Invasive neoplasms are cancers that have spread beyond the original site where they first developed and have infiltrated adjacent tissues or structures. This is in contrast to non-invasive or in situ neoplasms, which are confined to the epithelial layer where they originated and have not yet invaded the underlying basement membrane.

The invasiveness of a neoplasm is an important prognostic factor in cancer diagnosis and treatment, as it can indicate the likelihood of metastasis and the potential effectiveness of various therapies. In general, more invasive cancers are associated with worse outcomes and require more aggressive treatment approaches.

Neoplastic gene expression regulation refers to the processes that control the production of proteins and other molecules from genes in neoplastic cells, or cells that are part of a tumor or cancer. In a normal cell, gene expression is tightly regulated to ensure that the right genes are turned on or off at the right time. However, in cancer cells, this regulation can be disrupted, leading to the overexpression or underexpression of certain genes.

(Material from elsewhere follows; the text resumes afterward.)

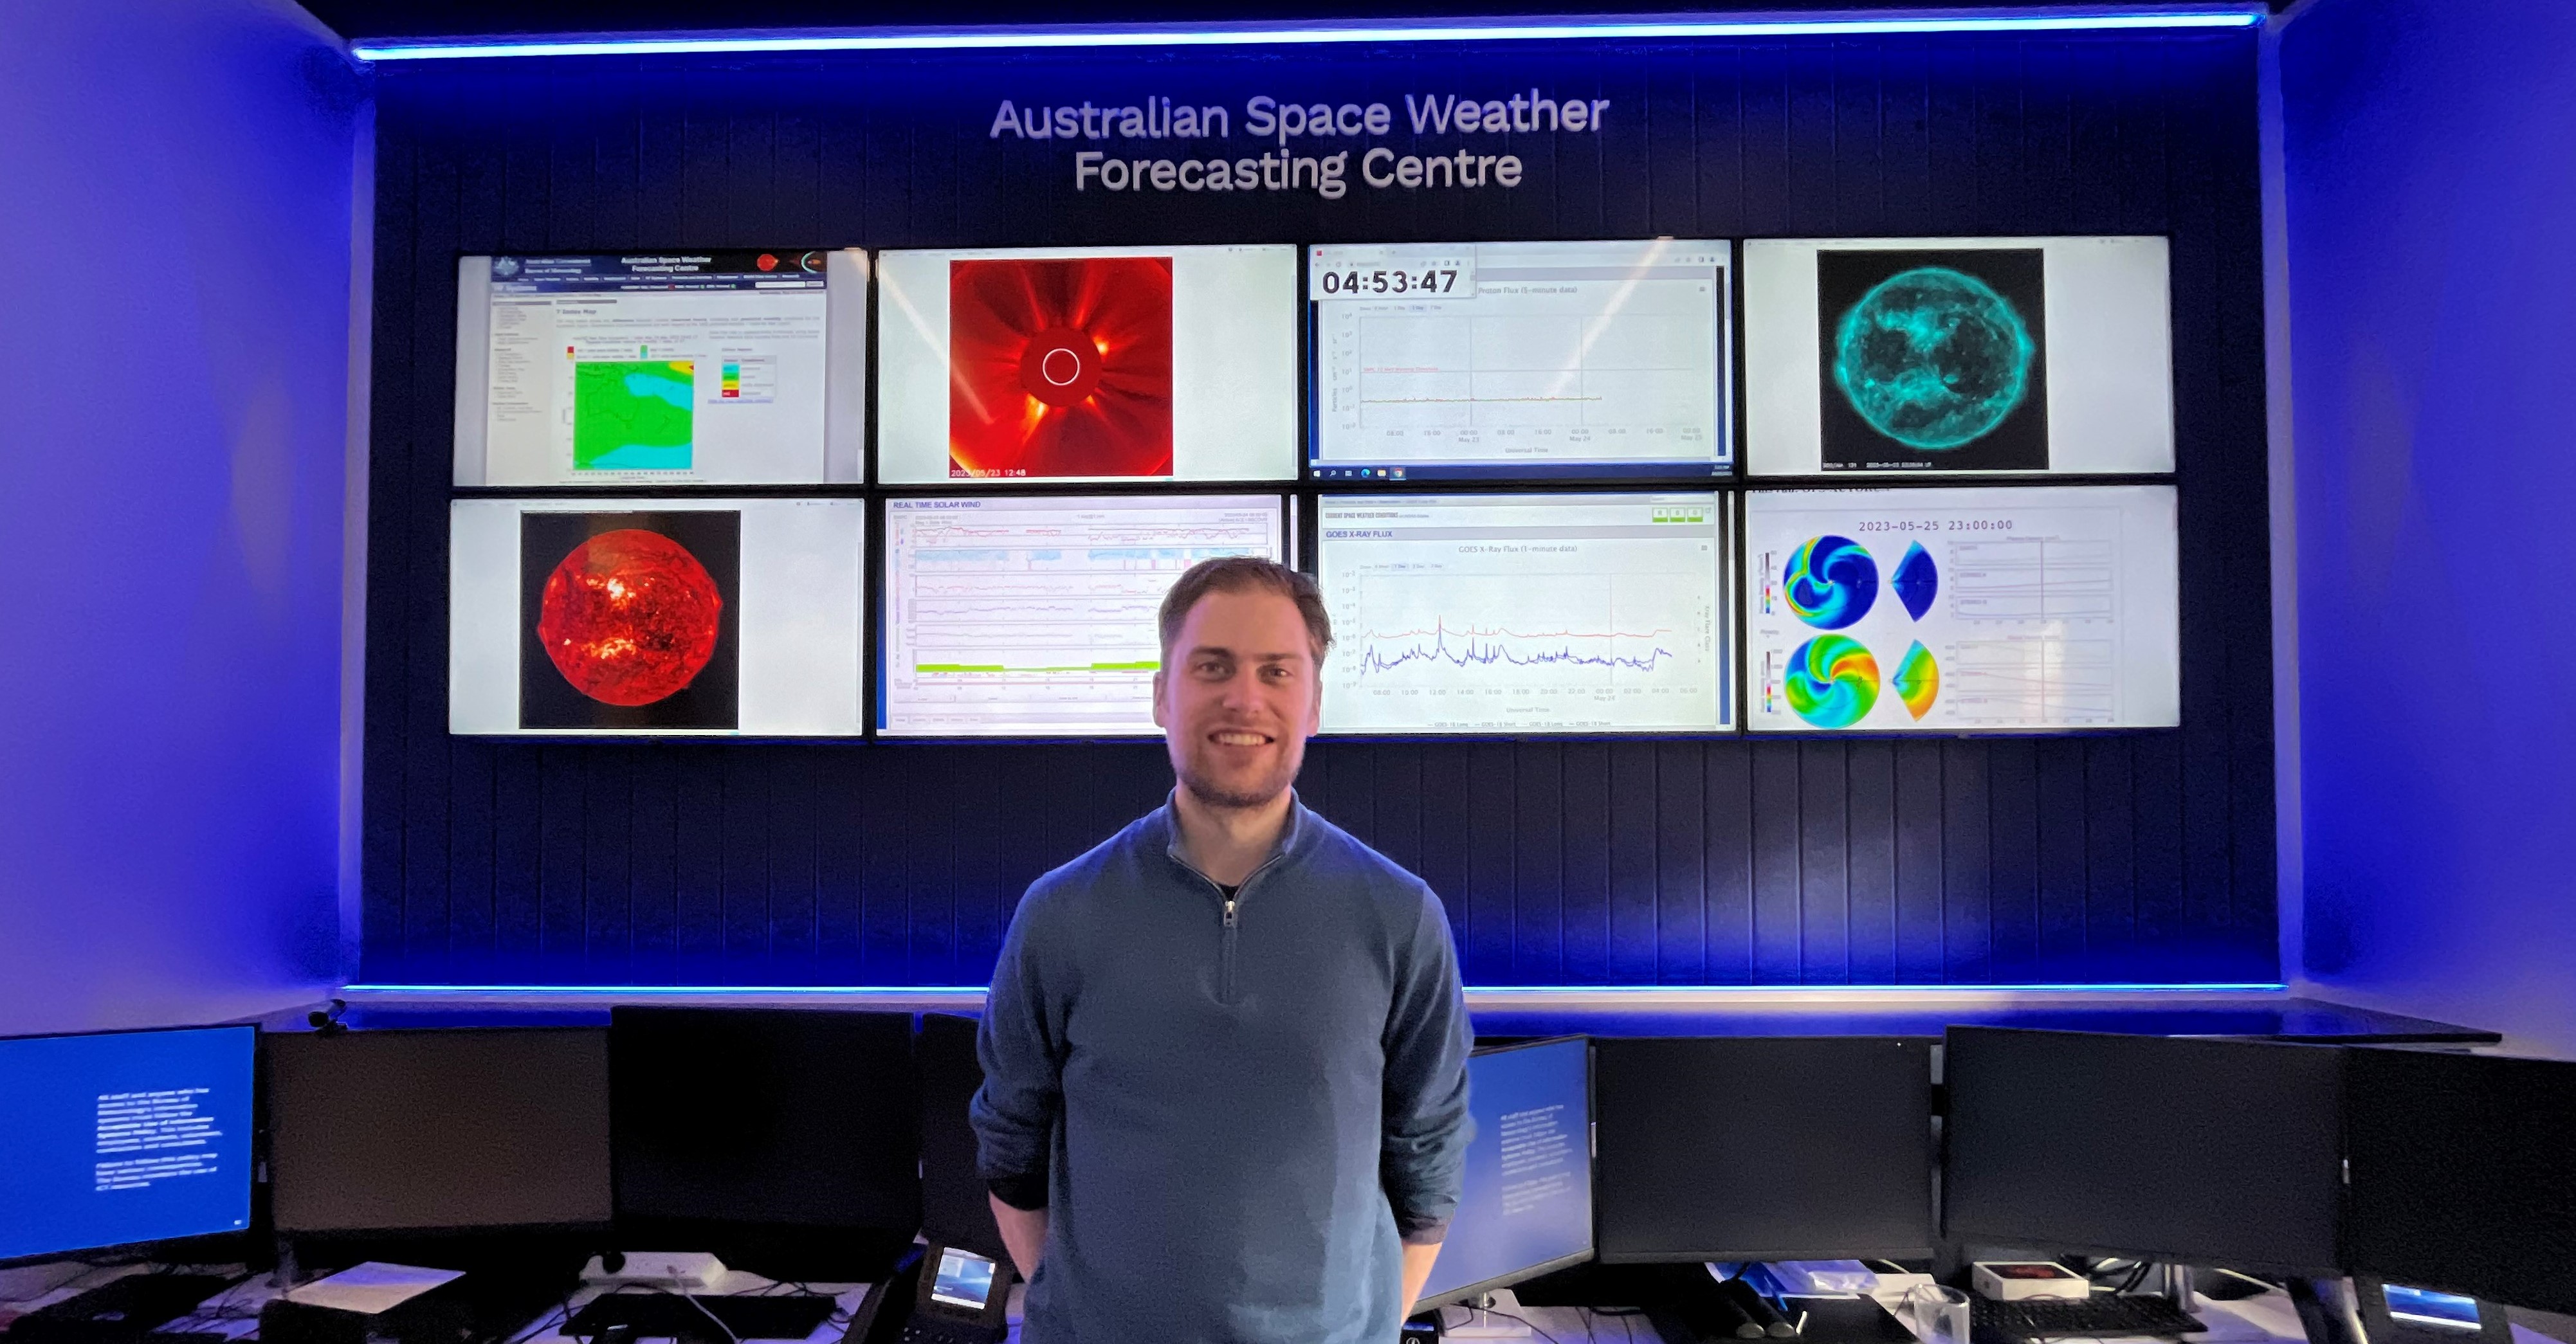 Andrew Jackling at the Australian Space Weather Forecasting centre standing infront of his work station with various monitors showing space weather data

Neoplastic gene expression regulation can be affected by a variety of factors, including genetic mutations, epigenetic changes, and signals from the tumor microenvironment. These changes can lead to the activation of oncogenes (genes that promote cancer growth and development) or the inactivation of tumor suppressor genes (genes that prevent cancer).

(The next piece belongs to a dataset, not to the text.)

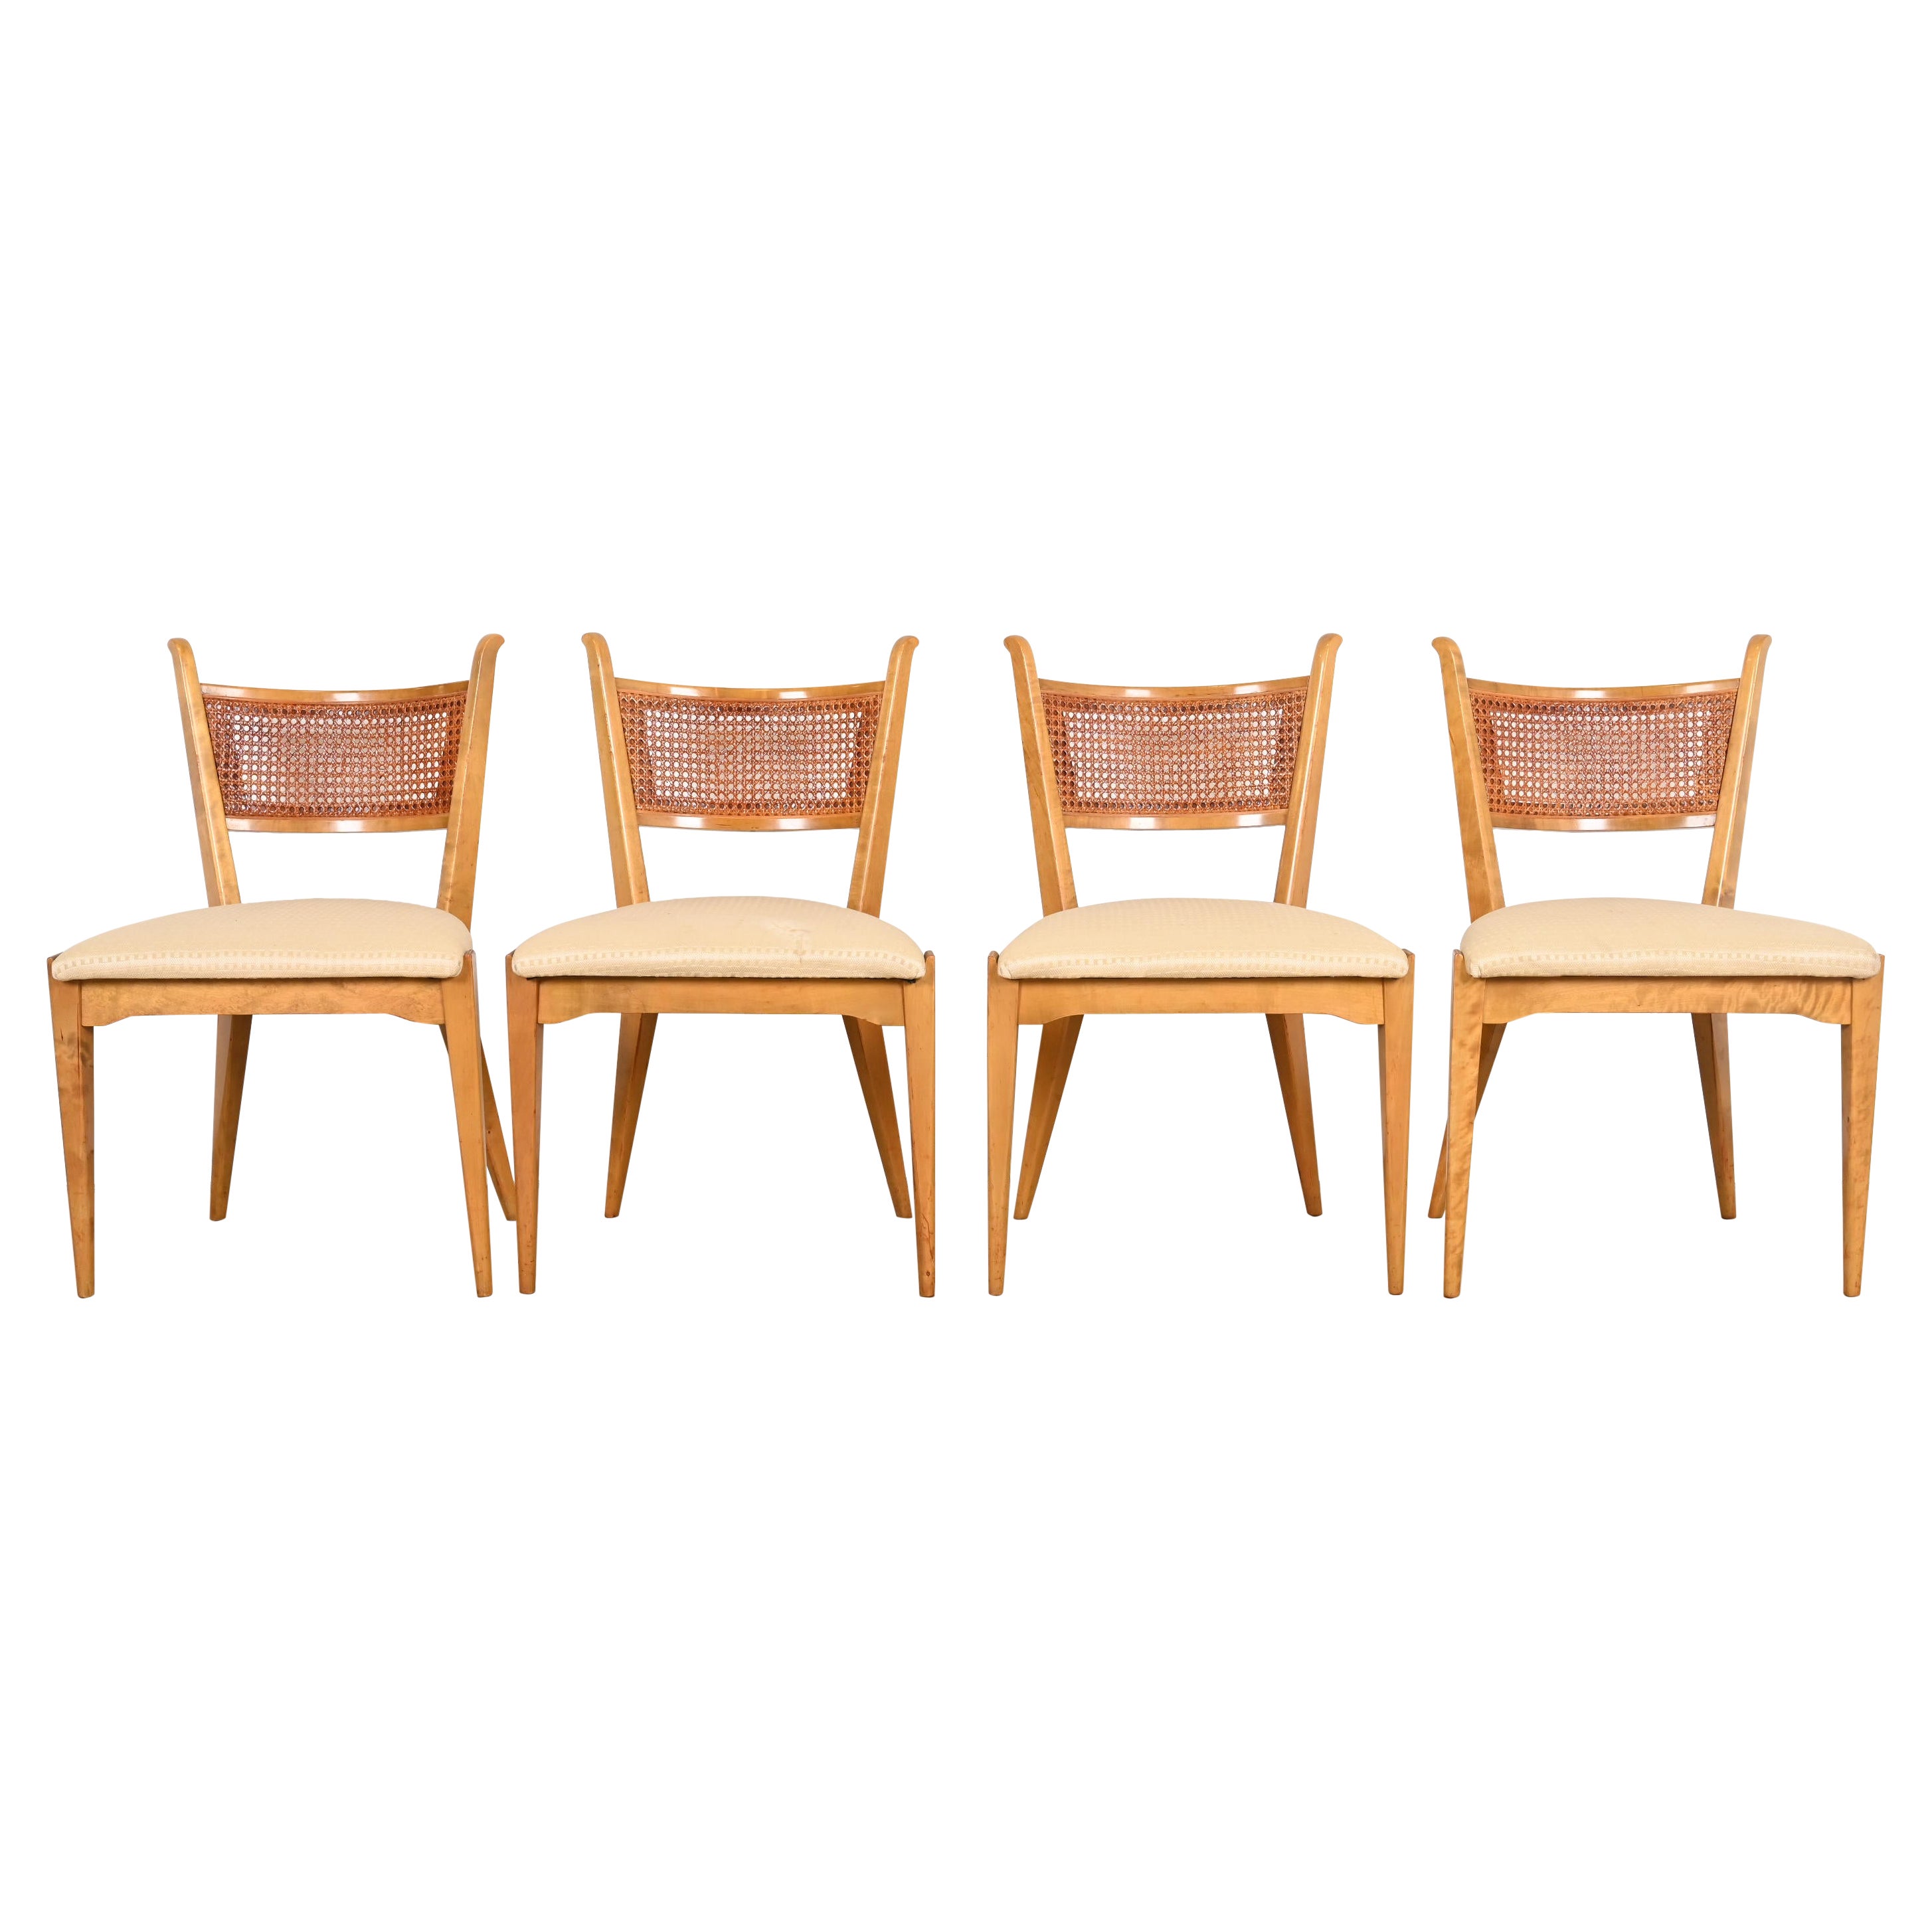 Edmond Spence Swedish Modern Sculpted Maple and Cane Dining Chairs, Set of Four For Sale

Understanding neoplastic gene expression regulation is important for developing new therapies for cancer, as targeting specific genes or pathways involved in this process can help to inhibit cancer growth and progression.

Isocitrate Dehydrogenase (IDH) is an enzyme that catalyzes the oxidative decarboxylation of isocitrate to α-ketoglutarate in the presence of NAD+ or NADP+, producing NADH or NADPH respectively. This reaction occurs in the citric acid cycle, also known as the Krebs cycle or tricarboxylic acid (TCA) cycle, which is a crucial metabolic pathway in the cell's energy production and biosynthesis of various molecules. There are three isoforms of IDH found in humans: IDH1 located in the cytosol, IDH2 in the mitochondrial matrix, and IDH3 within the mitochondria. Mutations in IDH1 and IDH2 have been associated with several types of cancer, such as gliomas and acute myeloid leukemia (AML), leading to abnormal accumulation of 2-hydroxyglutarate, which can contribute to tumorigenesis.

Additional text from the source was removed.